- The Washington Times - Monday, December 4, 2006


Violence, low turnout mar local elections

PORT-AU-PRINCE — Haitians cast ballots Sunday in municipal and local elections that were billed as the final step in the troubled country’s return to democratic rule after a bloody February 2004 revolt and pressure from France and the Bush administration that toppled elected President Jean-Bertrand Aristide.

About 29,000 candidates were vying for 1,420 local and municipal posts in Sunday’s vote, which was marked by low voter turnout and isolated reports of violence. The elections took place more than a year late because of street violence and logistical delays. Final results were not expected for several days.

In the Port-au-Prince slum of Martissant, automatic gunfire rang out after polls opened, but no injuries were reported. Turnout appeared low in most parts of the capital, with many polling stations virtually empty. Officials had predicted turnout at 40 percent to 50 percent, well below the massive participation in February’s presidential election won by Rene Preval.


Pinochet released from house arrest

SANTIAGO — Former dictator Augusto Pinochet, hospitalized in “mortal danger” after suffering a massive heart attack over the weekend, was released on bail from house arrest yesterday, an appeals court said.

Gen. Pinochet, 91, who has never faced trial for abuses committed under his military regime, was declared in critical but stable condition. “The general continues to be in mortal danger” but is stable, said Dr. Juan Ignacio Vergara, leading the team of attending physicians.

Dr. Vergara said Gen. Pinochet would remain in critical condition for at least 48 hours, “the critical” time in his recovery.

Charges in connection with disappearances in 1973 were filed against the general a week ago.


Tainted liquor in town kills 14

ASUNCION — Sugar-cane liquor tainted with methanol killed 14 persons in a Paraguayan town, the country’s health minister said over the weekend.

Health Minister Oscar Martinez said laboratory tests confirmed the presence of the toxic chemical, often used industrially, in the liquor, which investigators suspect was sold on the black market.

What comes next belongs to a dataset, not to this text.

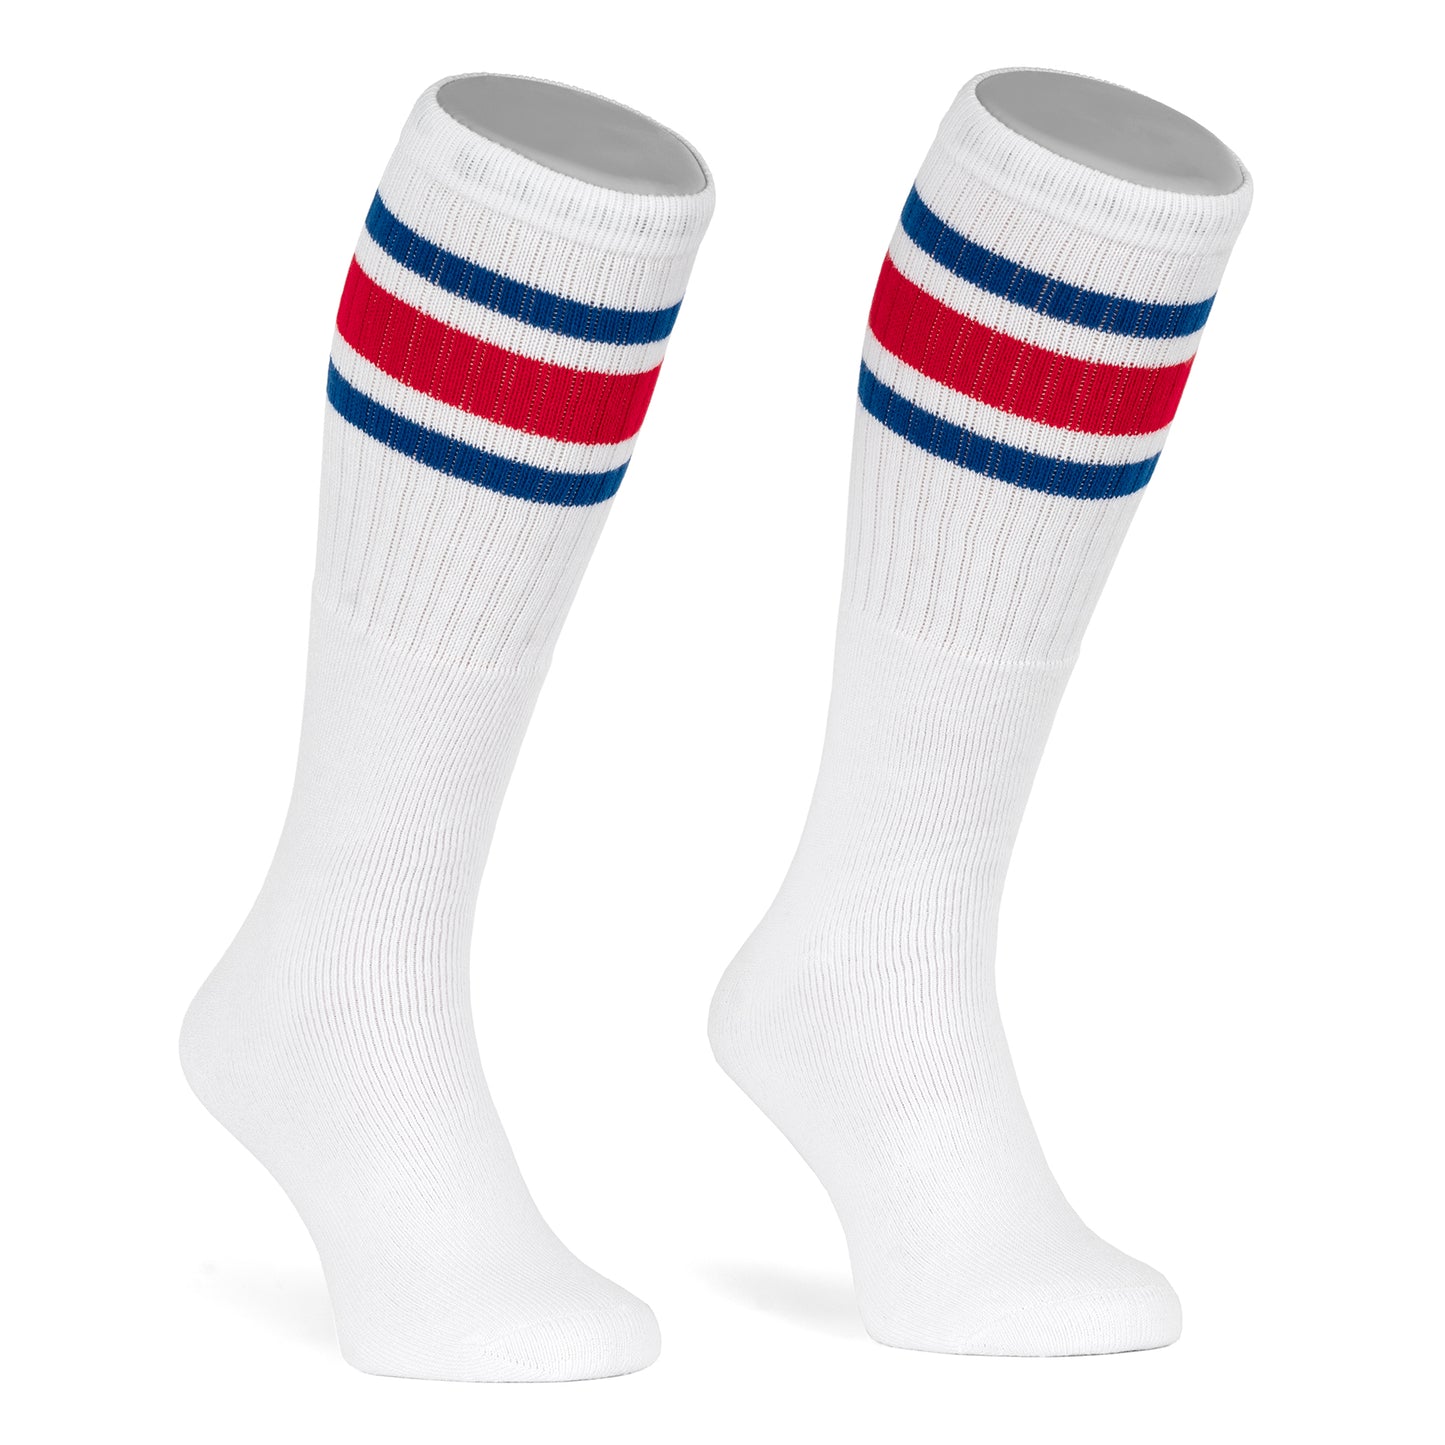 Skatersocks 25 Inch Knee High Tube Socks White / Royal blue and red striped - Phoenix 212 Clothing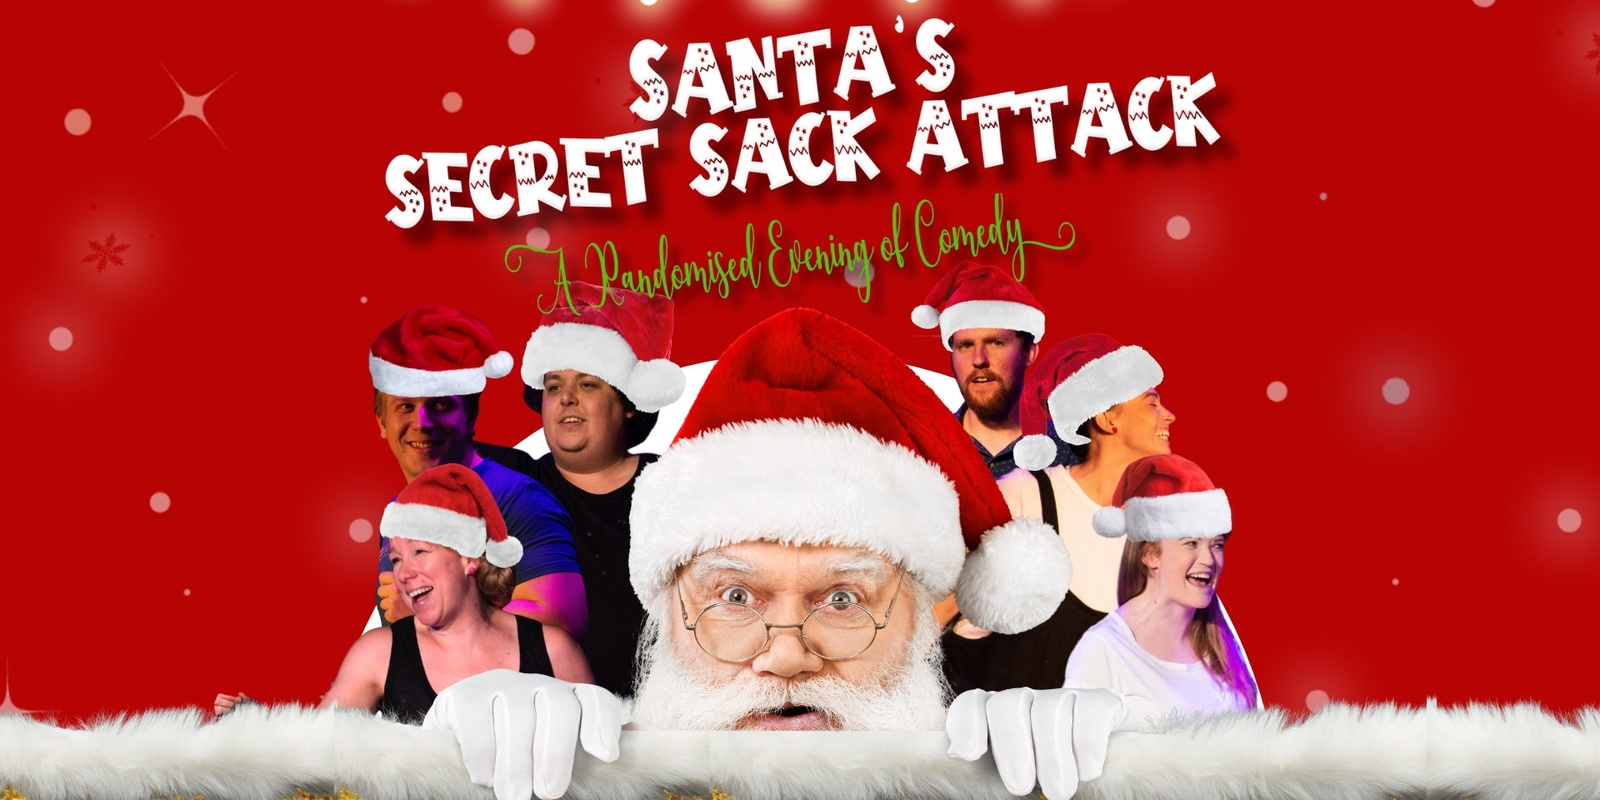 Banner image for Santa's Secret Sack Attack: An Evening of Randomised Comedy

“Fourteen people have already died, people who consumed this product,” Dr. Martinez told a television station. The deaths occurred in the small town of Tobati, about 50 miles east of the capital, Asuncion, just days before thousands of Paraguayans travel to the area to honor the country’s patron saint, the Virgin of Ca’acupe.

Weekly notes …

A Brazilian cardinal who appeared to suggest that the Vatican was open to revising its celibacy requirement for priests said yesterday that the question was not on the Holy See’s agenda and that allowing priests to marry wouldn’t solve the clergy shortage. In an interview published Friday by the Fohla de Sao Paulo newspaper, Cardinal Claudio Hummes noted that celibacy is not church dogma but a rule. He arrived in Italy to take up a senior Vatican post in charge of priests worldwide. … Starting April 1, Bolivian citizens traveling to the European Union will need to apply for visas. EU justice ministers made the decision yesterday to help slow a rising tide of migration and to prevent passport fraud. An EU diplomat said, “There are many from other countries who use Bolivian identity papers to go to the EU. Spain considers there has been a considerable increase recently.”